President doesn't have absolute military authority over Americans
© St. Petersburg Times
No citizen shall be imprisoned or otherwise detained by the United States except pursuant to an Act of Congress.
Congress passed this law in 1971 in response to concerns the executive branch could overstep its authority during a national emergency and hold, without charge, Americans deemed dangerous or disloyal.
So why are two Americans in that very predicament today?
Yaser Esam Hamdi and Jose Padilla are American citizens sitting in military brigs without charge or access to lawyers. Hamdi was picked up in Afghanistan, accused of fighting on behalf of the Taliban; and Padilla was arrested coming off a flight at Chicago's O'Hare International Airport, suspected of plotting to release a dirty bomb in the United States.
If the allegations are true, these are unsympathetic men. But unlike the case of convicted American Taliban John Walker Lindh, the Bush administration won't let these assertions be tested before an independent court.
According to the Justice Department, the 1971 law is irrelevant to Hamdi and Padilla since they are being held under the president's military authority as "enemy combatants," and as such do not have to be accorded the due process rights of citizens. The Bush administration says it does not have to prove the allegations against the men, and no court can second-guess its decision to hold them incommunicado and for the duration of the conflict.
Mark Corallo, spokesman for the Justice Department, says the president as commander in chief can designate anyone an enemy combatant -- American or not, here or abroad. "(In this war on terrorism) America is the battlefield," he says, and no congressional statute can override the president's constitutional military authority.
This is overstatement. While the president has broad power to conduct war, he does not have the absolute and unreviewable authority to hold any suspected American for as long as this indefinite "war" on terror continues.
Moreover, Congress certainly can constrain the breadth of the president's military authority. The 1878 Posse Comitatus Act, still good law today, limits the use of the military in civilian law enforcement.
The legislative history of the 1971 statute demonstrates it is directly relevant to Hamdi and Padilla. The law was passed as a hedge against the government's bad habit of abandoning the Constitution's guarantees whenever the country's security is at risk.
Today our enemy may be al-Qaida, the worldwide terrorist network of Islamic extremists, but it wasn't long ago when Communism was the looming evil ready to destroy the American way of life. While it sounds almost quaint to say now, the threat at the time was not remote. In the middle part of the last century, the world powers of China and the Soviet Union were avowedly Communist and actively exporting their ideology. Communist insurgencies were cropping up around the world and in our hemisphere in particular.
Compare this threat to that of al-Qaida, and the 1950s prognosis was at least as grave.
In the heat of this era, the House Committee on UnAmerican Activities presented its centerpiece legislation: the Internal Security Act of 1950. The law, passed that year, was astoundingly broad and rife with violations of civil liberties.
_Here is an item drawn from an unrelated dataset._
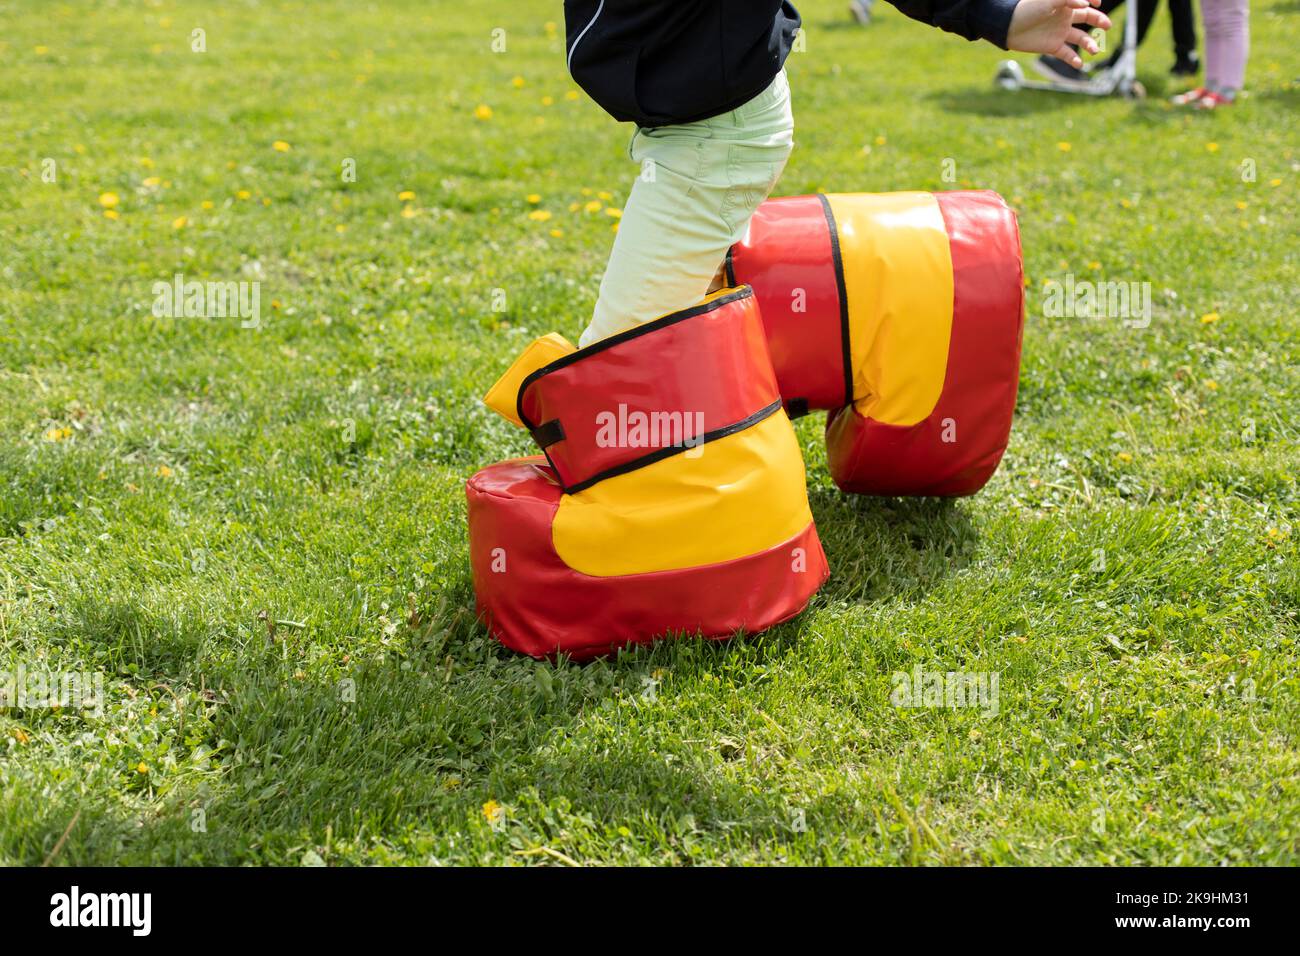 Lustige Schuhe für das Spiel. Spaß Urlaub des Kindes im Sommer. Unterhaltung auf grünem Gras. Spielen auf dem Rasen. Kind in unbequemen Schuhen. Stockfoto

Americans associated with a Communist organization were denied the ability to hold office or use a U.S. passport.
One part of the Security Act, the Emergency Detention Act, gave the president, through his attorney general, the emergency powers to hold Americans without charge in times of war or emergency. Any Americans who, in the attorney general's judgment, would probably engage in acts of espionage or terrorism -- especially those who had in the past -- could be held without charge and detained for the duration of the emergency.
But in 1971, while still steeped in the Cold War and fighting Communists in Vietnam, Congress repealed the law. The legislative history makes clear Congress was taking back the power it gave the executive branch as too chilling to civil liberties. To put an exclamation point on it, Congress passed the 1971 Act which explicitly and with no exceptions said Americans could not be detained except pursuant to an Act of Congress. In other words, either charged with a crime or based on some new explicit grant of power by Congress.
As yet, no court has addressed this law's application to the confinement of Hamdi and Padilla. Judges will have that opportunity, though, and when they do, it is vital for our constitutional system that some limits are placed on the president's ability to conduct this "war" on U.S. soil and U.S. citizens.